Bagna Càuda (Δύο Συνταγές για Μπάνια Καούντα)

Bagna CaudaLast night, we had a hot olive oil bath and went to bed happy. We didn’t dive into olive oil; our dinner did.

Bagna Càuda, a specialty of Italy’s Piedmont Region, combines oil with anchovies and garlic to make a hot dip for vegetables and bread. Cooked over low heat, anchovies melt into oil and garlic’s strength turns smooth and mild.

I was first introduced to Bagna Càuda by the proprietors of Genoa Restaurant in Portland, Oregon. It was love at first taste. Genoa’s Bagna Càuda was rich and luxurious, creamy and indefinably delicious. I wanted more.

After I discovered Genoa’s recipe in a cookware store handout, its Bagna Càuda regularly showed up on the tables of me and my friends. Unlike the Bagna Càuda I make now, Genoa’s recipe doesn’t contain a speck of olive oil; its richness comes exclusively from butter and cream.

In the Portland years, I was young and undeterred by buckets of cream and butter. As time passed, I lost my enthusiasm for both. I used to cook with butter, using olive oil mostly for salad dressings. Now, I rarely use butter; olive oil has replaced it in my kitchens. I stopped making Bagna Càuda.

La Morra, Italy. Photograph by Frukko via Wikipedia

La Morra, Italy. Photograph by Frukko via Wikipedia

Even so, when my husband and I travelled to Italy’s Piedmont Region in 1997, I was eager to try Bagna Càuda in its homeland. We found it in a tiny lakeside restaurant in La Morra, where we were the only customers. The television was blaring, the florescent lights blazing, and our expectations for the food low.

When the Bagna Càuda arrived at our table, it was a revelation.

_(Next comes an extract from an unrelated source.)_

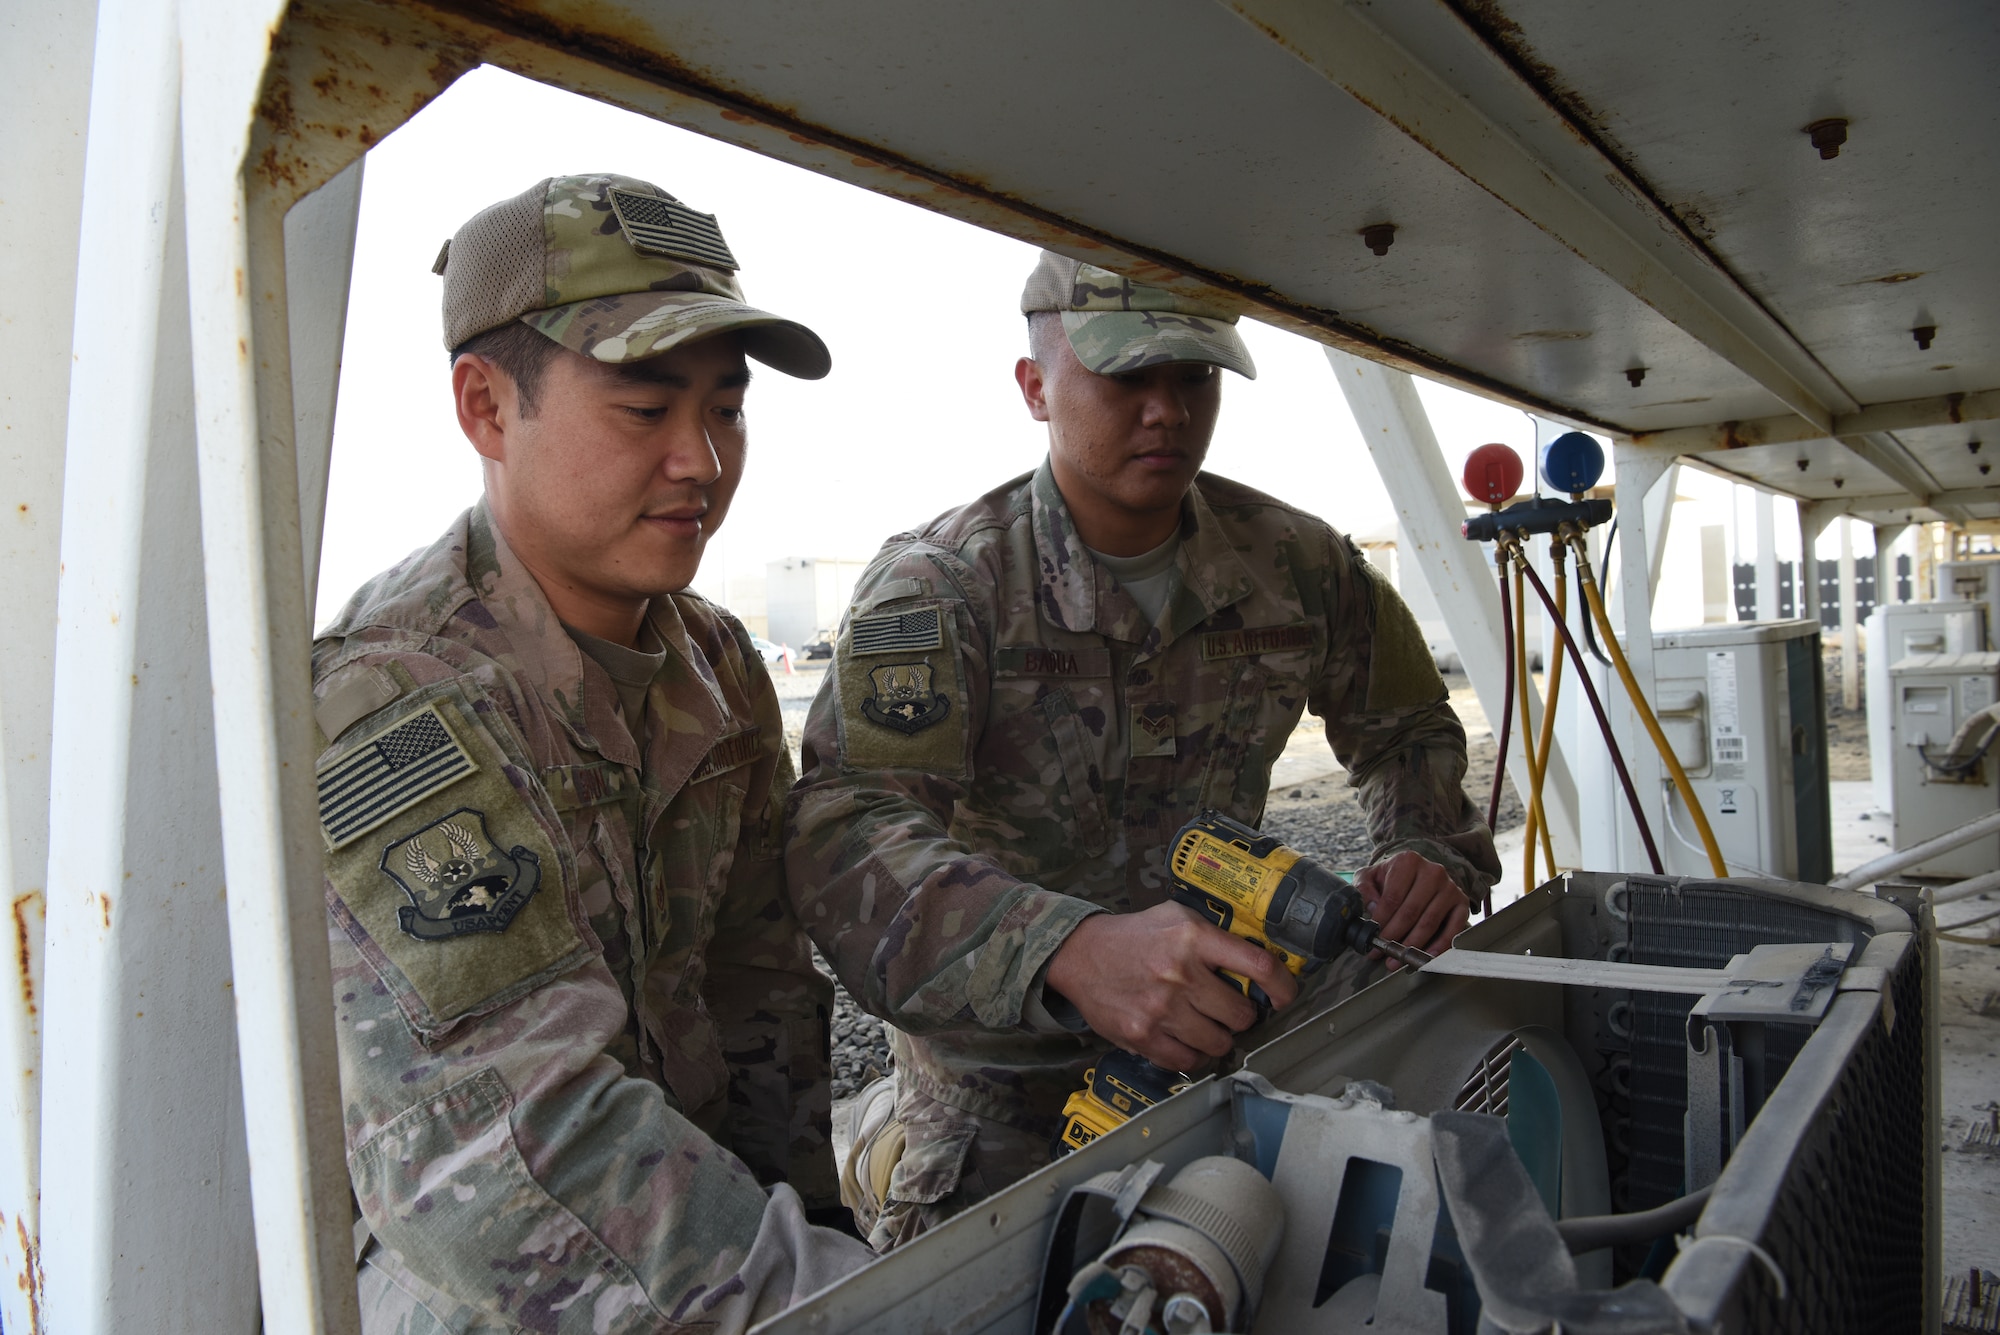 624th Civil Engineer Squadron Reservists Staff Sgt. Roy Shin, 380th Expeditionary Civil Engineer Squadron heating, ventilation, and air conditioning technician, and Senior Airman Elo Badua, 380th ECES HVAC technician, performs maintenance on an air conditioning unit, Jan. 10, 2019 at Al Dhafra Air Base, United Arab Emirates.

It didn’t contain cream or butter. Instead, garlic and anchovies were melted in olive oil and served in a roasted red pepper half. Every bite was a pleasure.

As with Genoa’s Bagna Càuda so many years ago, the taste and aroma of this new-to-me version lingered in my memory. Back in Alaska, I developed a simple recipe incorporating its flavors, using only olive oil, garlic, and anchovies.

Last Thursday, my regular CSA box of vegetables arrived from Full Circle Farm. The refrigerator was overflowing; I couldn’t find space for an extra-large bunch of broccoli. Bagna Càuda (my version) was the solution. While the anchovy and garlic sauce simmered, I steamed broccoli and roasted a couple red peppers over a gas burner.

When the Bagna Càuda was done, we dipped our vegetables and bread in the hot savory bath, ate our fill, and licked our fingers clean.

Be sure to check out the recipes mentioned in this post:

 

One Response to Bagna Càuda (Δύο Συνταγές για Μπάνια Καούντα)

  1. Bill Anton says:

    I tried bagna caulda (alternate spelling) when I worked for Usibelli Coal Mine. One of the variations on this is to slice cheese and once everything else is loaded on your bread, you put the cheese on a spatula and submerge it in the hot oil. When it just starts to look like it’s going to run off the spatula, you slide it over the bread on top of the meat and vegetables. I know of a bagna caulda festival in Cle Elum Washington that takes place in February. We won’t make it this year, but next year is a different story.